Africa and China: 'Pragmatic Cooperation for Mutual Benefit' or Neocolonialism, Dependency, and Insecurity?
The new frontier of resource-based security issues is the African continent.
The new frontier of resource-based security issues is the African continent.
The new frontier of resource-based security issues is the African continent. The new strategic partnership for controlling these resources brings together Africa and China. China is at a new dawn of global influence and requires raw resources to fuel its ambitious growth. With Africa’s wealth of natural resources, its politicians yearning for alternative political relationships to postcolonial ties with Euroamerica, and with continuing need for economic and social development, the continent is poised to provide resources for China’s acceleration while harnessing some of this momentum for its own development.
In 2006, China and Africa engaged in $50 billion worth of two-way trade, the majority of it raw resources extracted from Africa to propel Chinese industry. Despite the saccharine mottos such as "peace, friendship, cooperation, development" that characterize the recently strengthened partnerships between Chinese and African businesses and governments, these ventures may perpetuate and exacerbate existing regional conflicts within Africa, while also instigating new, local conflicts.
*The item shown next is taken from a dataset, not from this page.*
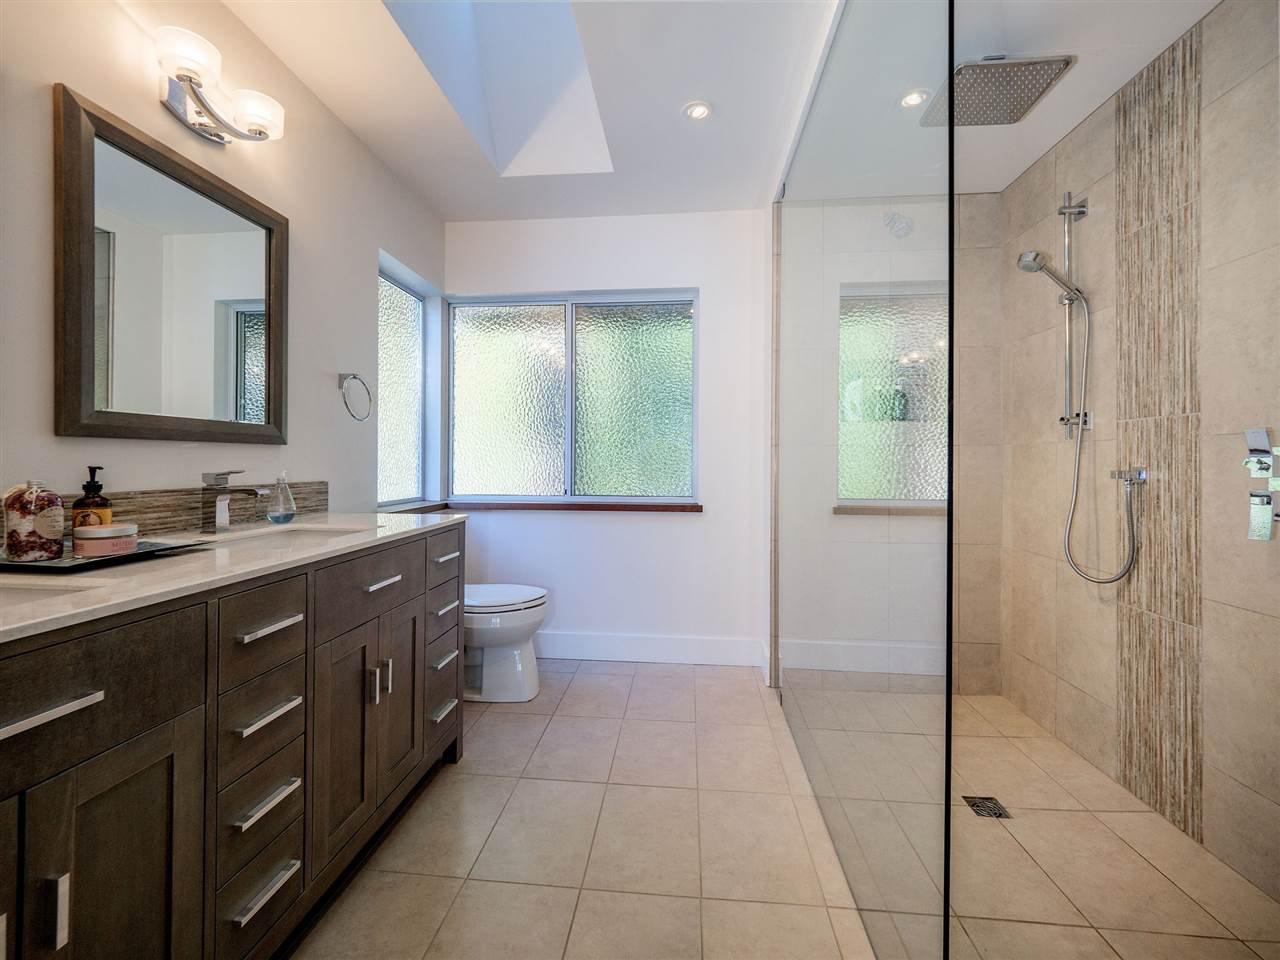 "Photo 25: Photos: 7101 DALE Road in Sechelt: Sechelt District House for sale in ""Caleda Estates"" (Sunshine Coast)  : MLS®# R2515160"

International audiences are beginning to recognize the geopolitical significance of the recently burgeoning relationship between Africa and China, but there has been scant scholarly research concerning the realities and implications of this alignment, particularly from the African perspective. This paper offers a preliminary examination of whether the enhanced relations between Africa and China do, in fact, achieve "equality and mutual benefit." Or, do the pre-existing political, economic, and strategic inequalities between China and African states result in relations that are characterized by neocolonialism, dependence, and African insecurity?